Proportionality stricto sensu is not about slowing down the EU. It is about improving the quality of its laws. It is about taking responsibility. It is about doing your own homework rather than repeating what the OECD says. If not, the EU risks being transformed into an implementing agent of OECD rules rather than an independent legislator operating under its own constitutional constraints. The danger is that the Union gradually degrades its role to that of executing externally negotiated standards, while the Treaties require an internally grounded, democratically legitimised review. This is why we need a genuine autonomous EU rule-of-law review in direct taxation.

  • 1                 CJEU 17 October 2013, case C-203/12, Billerud Karlsborg,para. 35.
  • 2                 See: Opinion in joined Cases C‑203/15 and C‑698/15 Tele2 Sverige, point 248.
  • 3                 Protocol (No 2) on the application of the principles of subsidiarity and proportionality.
  • 4                 See CJEU 7 March 2017, case C-390/15, RPO, para. 54.
  • 5CJEU 3 December 2019, case C-482/17, Czech Republic/Parlement & Council, para. 79.
  • 6Council Directive (EU) 2016/1164 of 12 July 2016 laying down rules against tax avoidance practices that directly affect the functioning of the internal market, OJ L 193, 19.7.2016, pp. 1–14.
  • 7See: Proposal for a COUNCIL DIRECTIVE laying down rules against tax avoidance practices that directly affect the functioning of the internal market, Brussels, 28.1.2016 COM(2016) 26 final 2016/0011 (CNS), p. 5.
  • 8See preamble, para. 16.
  • 9See: Proposal for a COUNCIL DIRECTIVE laying down rules against tax avoidance practices that directly affect the functioning of the internal market, Brussels, 28.1.2016 COM(2016) 26 final 2016/0011 (CNS), p. 6.
  • 10Proposal for a COUNCIL DIRECTIVE on ensuring a global minimum level of taxation for multinational groups in the Union, Brussels, 22.12.2021 COM(2021) 823 final, p. 4-5: ‘In essence, the important policy decisions have already been taken by the Inclusive Framework and at the highest political level (G20 Finance Ministers and G20 Heads of EN 5 EN States). All EU Member States which are members of the Inclusive Framework have already agreed on the main aspects of Pillar 2 and committed to apply the OECD Model Rules. The EU would have no policy options to choose from as key elements of the framework, such as the scope or tax rates and base, have already been prescribed and agreed on’.

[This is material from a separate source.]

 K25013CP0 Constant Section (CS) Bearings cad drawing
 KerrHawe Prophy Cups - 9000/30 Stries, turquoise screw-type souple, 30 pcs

  • 11CJEU 10 December 2002, case C-491/01, British America Tobacco, para. 129.
  • 12CJEU 3 December 2019, case C-482/17, Czech Republic/Parlement & Council, para. 79.
  • 13CJEU 13 November 2025, case C-142/24, Familienstiftung, para. 78-79.Other recent developments in taxation are: the opinion of AG Emiliou in case C-386/24, Centro Petroli Roma, point 109 and AG Rantos, in his Opinion of 13 November 2025 in case C-544/24, Valdymnas, point 49. See for recent literature: Juan Manuel Vázquez, Tax Reporting by Digital Platforms under DAC7: A Proportionality Assessment (Alphen aan den Rijn: Kluwer Law International, 2025) and Vassilis Dafnomilis, Good Intentions, Flawed Design: Balancing Transparency, Fundamental Rights and EU Principles in the EU Public CbC Reporting Directive, World Tax Journal, 2025 (Volume 17), No. 4.
  • 14CJEU 7 September 2006, case C-310/04, Spain/EU Council.
  • 15  If there is no impact assessment, this does not necessarily mean that the broad discretion has not in fact been exercised. For an example, see: CJEU 3 December 2019, case C-482/17, Czech Republic/Parlement & Council, para. 79. Art 2 of protocol no 2 states: ‘Before proposing legislative acts, the Commission shall consult widely. Such consultations shall, where appropriate, take into account the regional and local dimension of the action envisaged. In cases of exceptional urgency, the Commission shall not conduct such consultations. It shall give reasons for its decision in its proposal’.